Ho lasciato Milano per la Calabria: altro che spopolamento, cominciamo a valorizzare i nostri borghi
Ci stiamo abituando all'idea che si possa essere felici solo nelle grandi città, che la vita vera sia solo lì, dove tutto corre, dove tutto consuma. Ma la verità è un’altra
Ginevra Dell’Orso da qualche anno ha lasciato Milano lasciando una vita frenetica e caotica. Si è trasferita con la famiglia a Isca sullo Ionio, nel Catanzarese, dopo essersene innamorata nel corso di una vacanza. Con questo testo inizia una serie di suoi interventi su LaC.
Ho letto il Piano Strategico Nazionale delle Aree Interne, e devo dire che c’è un punto che lascia davvero senza parole.
Nel documento ufficiale, con tanto di logo della Presidenza del Consiglio, campeggia un obiettivo ben evidenziato: “Accompagnamento in un percorso di spopolamento irreversibile”.
Non un piano per rilanciare, non una strategia per invertire la tendenza, ma un accompagnamento dignitoso verso il lento declino e l’invecchiamento di interi territori.
Praticamente la politica ha deciso che alcuni paesi sono destinati a morire lentamente, e il massimo che si può fare è “tenere loro la mano” mentre si compie il loro destino. Siamo malati terminali e quindi non serve cercare una cura.
Lo hanno scritto. Nero su bianco.
E la cosa più assurda è che ormai ci stiamo abituando all'idea che si possa essere felici solo nelle grandi città, che la vita vera sia solo lì, dove tutto corre, dove tutto consuma. Ma la verità è un’altra.

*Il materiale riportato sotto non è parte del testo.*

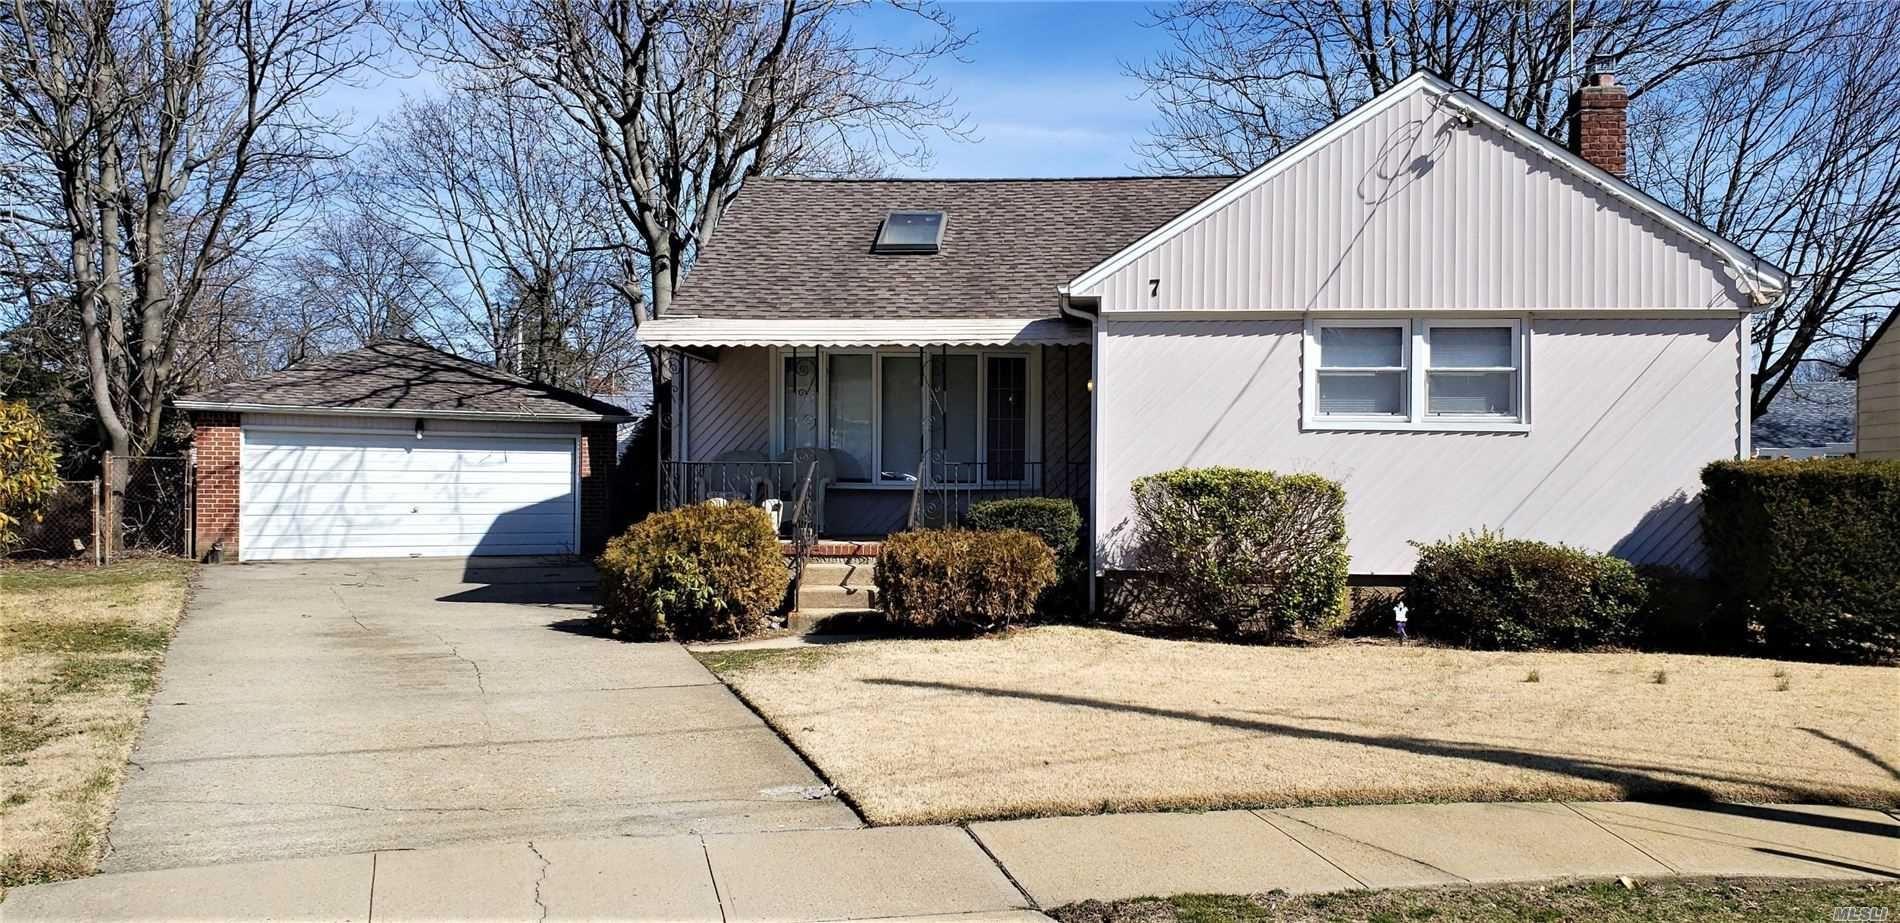 7 Roosevelt Street, Hempstead, NY 11550 - MLS#: 3209791
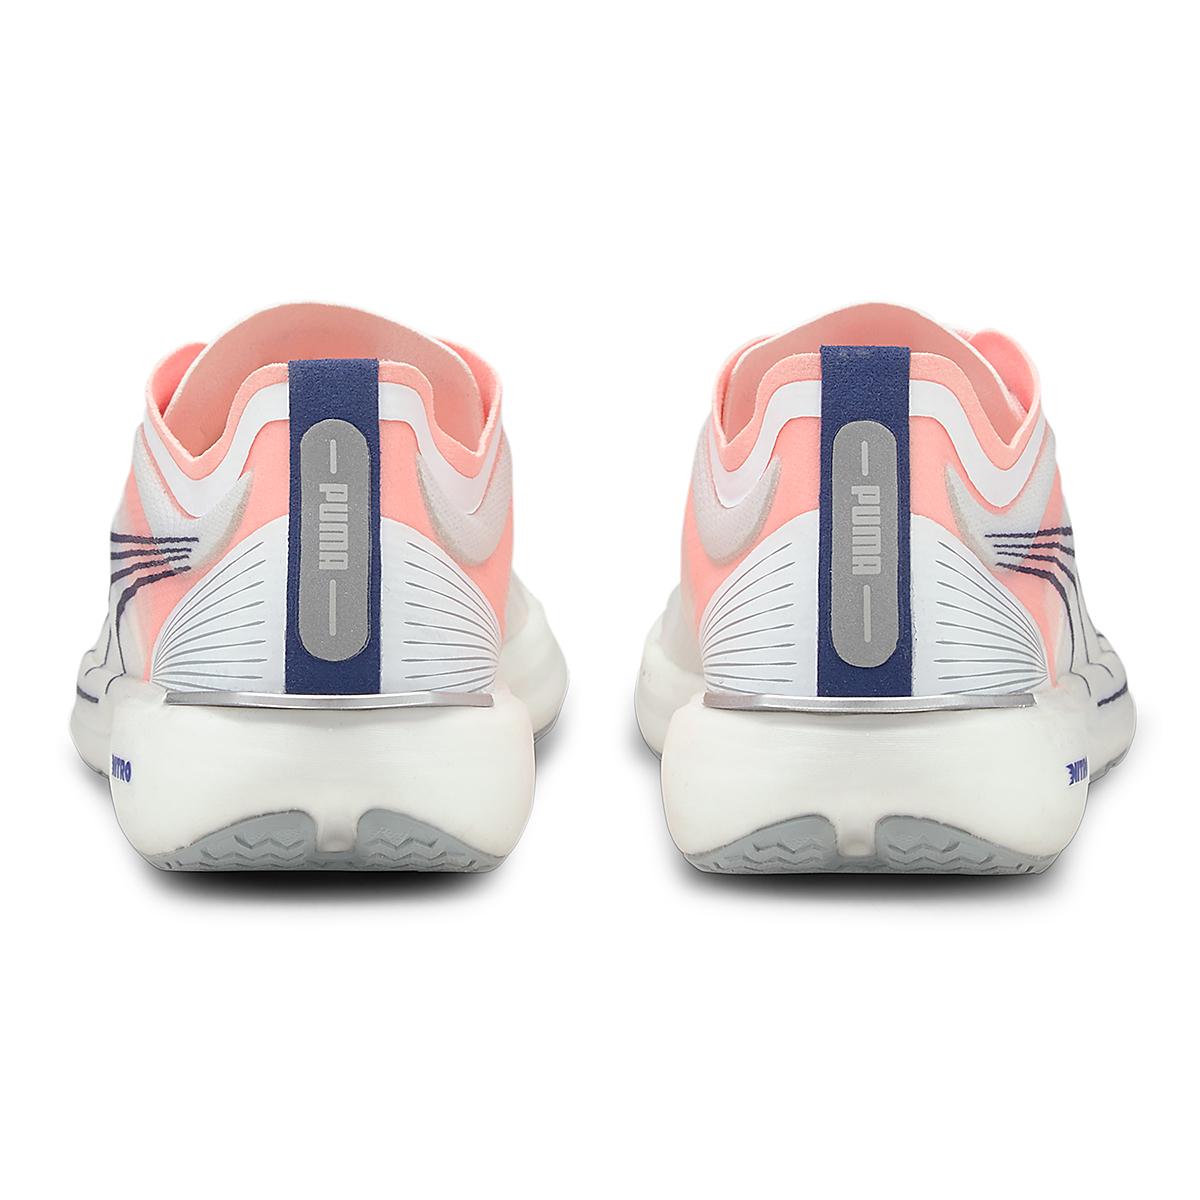 Women's Puma Liberate Nitro Running Shoe - Color: Puma White-Elektro Peach - Size: 6.5 - Width: Regular, Puma White-Elektro Peach, large, image 3

Lascia Milano per vivere in Calabria, la scelta di Ginevra: «Qui una ricchezza che nessuna multinazionale può comprare»Sono stata nei dintorni di Lorica, un paesino minuscolo nel cuore della Calabria, provincia di Cosenza. Ufficialmente ci abitano circa 30 persone, “non c'è niente” dicono i ragazzi. Un po’ li capisco, eppure…
Mi sono svegliata in uno chalet incantato tra i boschi, affacciato sul lago. Intorno solo il suono dei campanacci delle mucche, gli uccellini, gli scoiattoli neri sugli alberi che giocano, l'aria fresca, le fragoline di bosco ai bordi delle strade, i funghi, e quella magia che ti entra nelle ossa e nell’anima.
Le stelle scintillanti nel cielo e un cibo sopraffino!
Ho dormito con la trapunta anche se era estate. Ho respirato quella pace che non si compra, non si costruisce, non si finge. Quanta bellezza che ci ha accompagnato per millenni e sta per sparire sotto i nostri occhi.
Non serve un piano per accompagnare la morte di questi luoghi, serve un’idea per farli rinascere, per far capire che la felicità non è un vestito firmato, le labbra rifatte o il locale alla moda, ma la qualità della vita, le emozioni autentiche, la forza delle radici.
Forse è ora di guardare questi territori con occhi nuovi, di smettere di considerarli “perdenti” e iniziare a valorizzarli per quello che sono davvero: luoghi pazzeschi da riscoprire.
Ma per farlo dobbiamo prima smettere di scrivere i necrologi e cominciare con nuovi inizi. Il come... sta a noi, alla nostra creatività e all’amore per queste terre, affinché non muoiano mai!